— Work item —
Pictures are not part of the answer. Write out exactly the lines from the one containing "2017 Stevie Bronze" through the end of the material below.

— Exercise data —
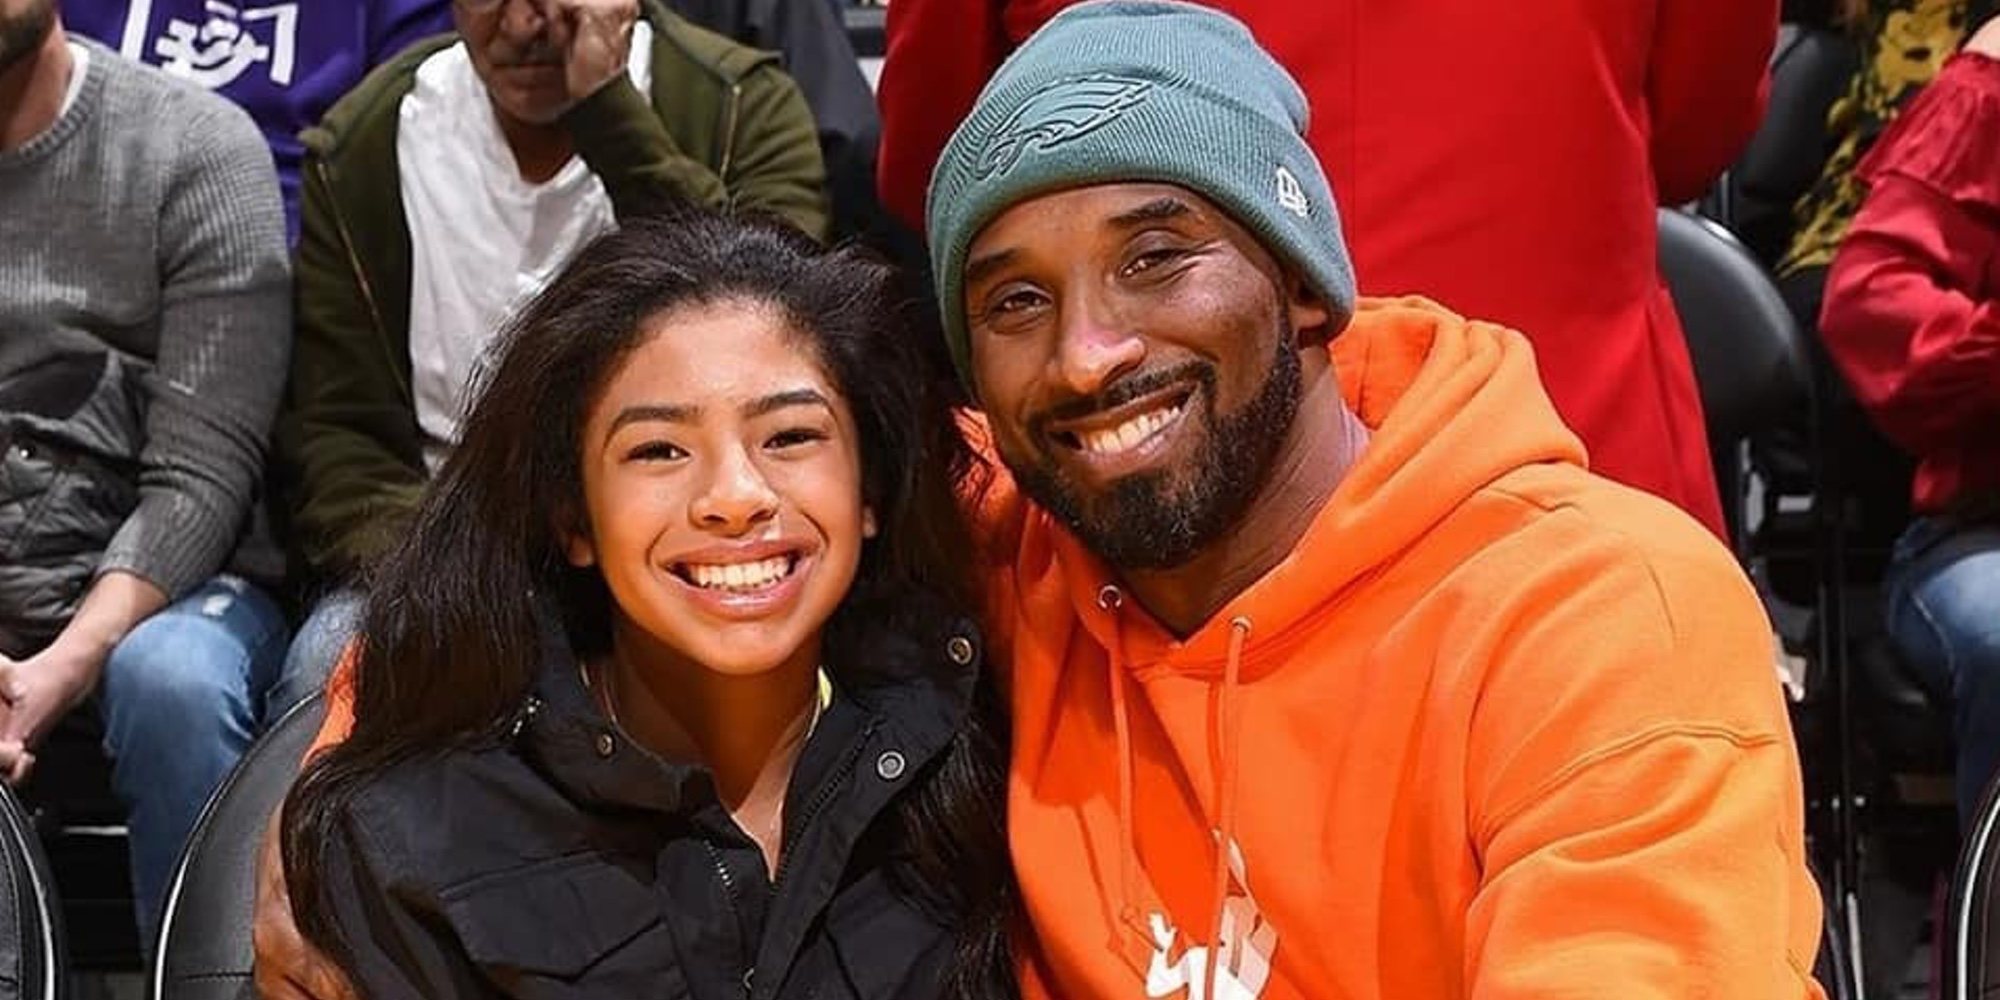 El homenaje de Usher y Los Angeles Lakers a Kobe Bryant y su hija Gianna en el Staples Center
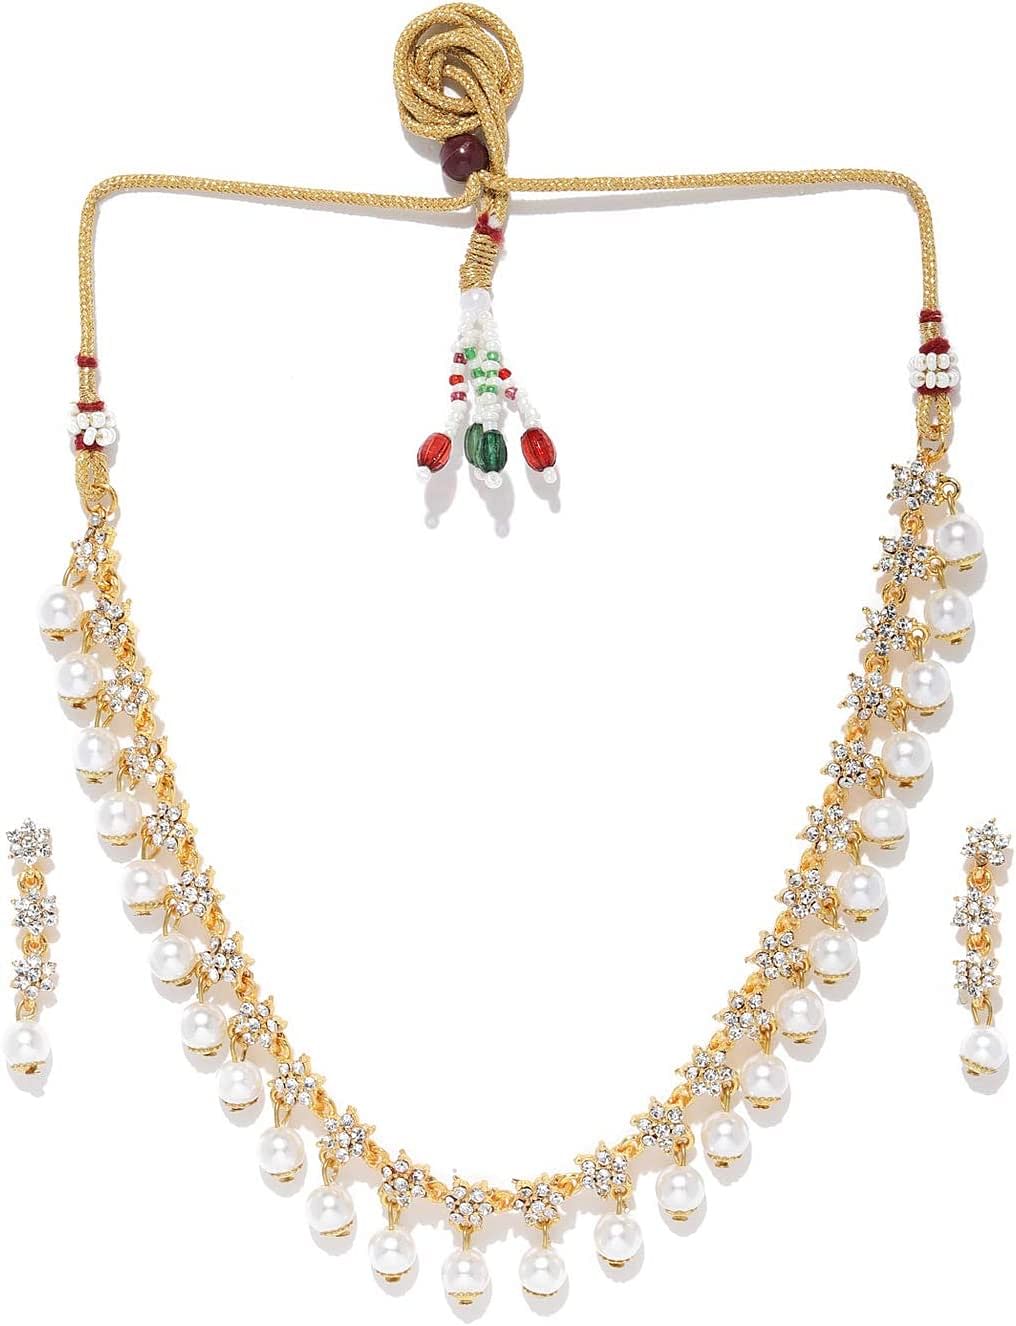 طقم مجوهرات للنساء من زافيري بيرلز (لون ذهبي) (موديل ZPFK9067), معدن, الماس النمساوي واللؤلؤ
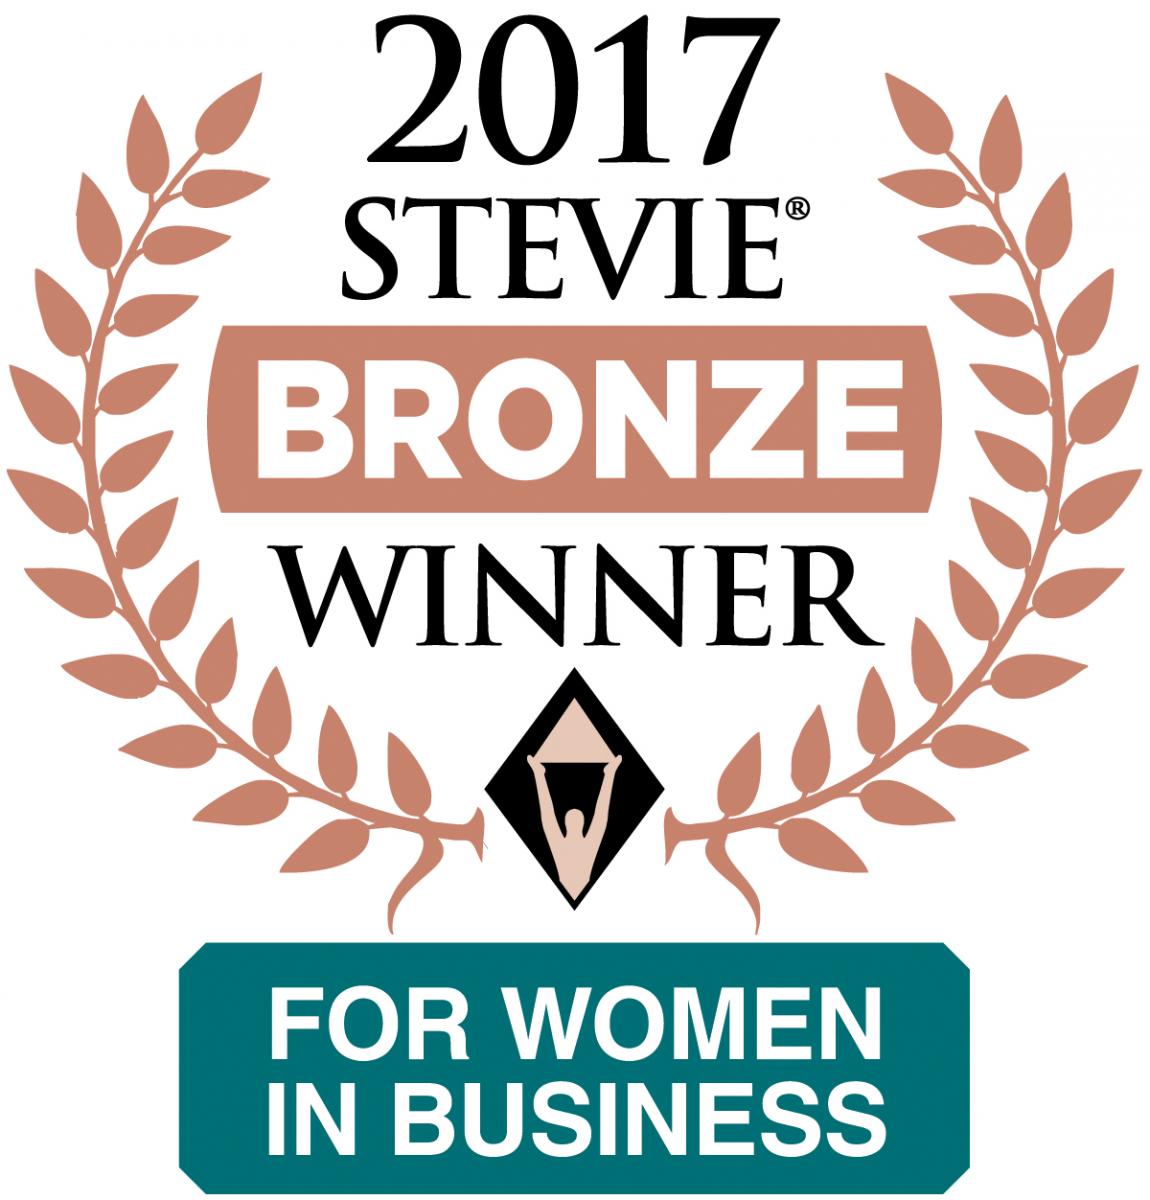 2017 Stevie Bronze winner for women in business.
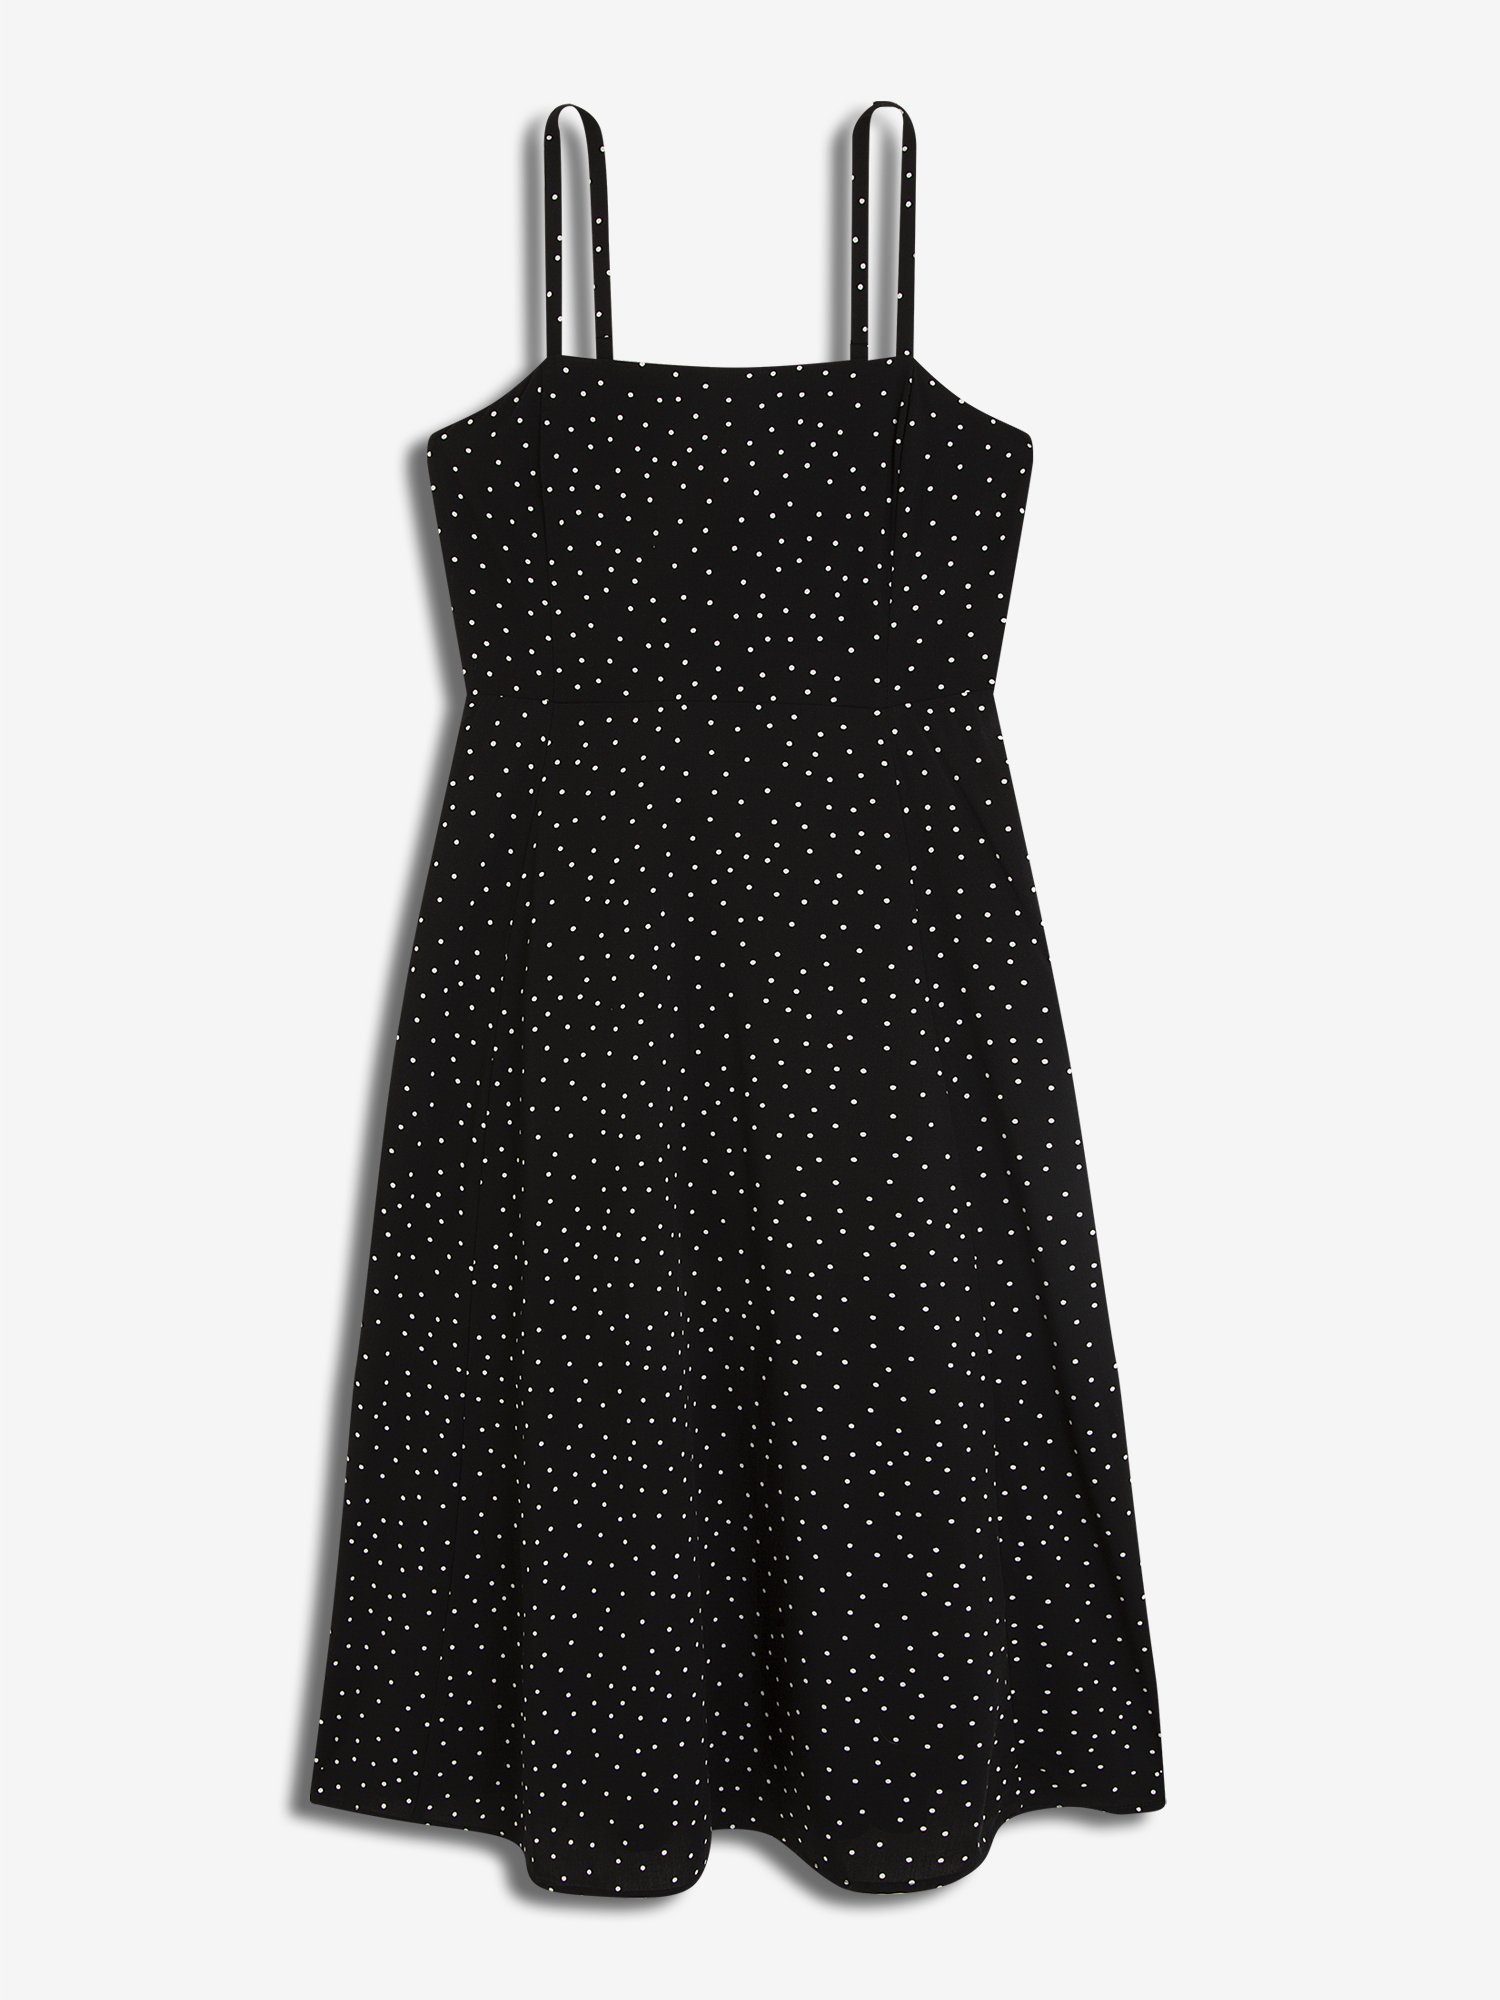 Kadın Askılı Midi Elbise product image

— Worked solution —
 2017 Stevie Bronze winner for women in business.
 Kadın Askılı Midi Elbise product image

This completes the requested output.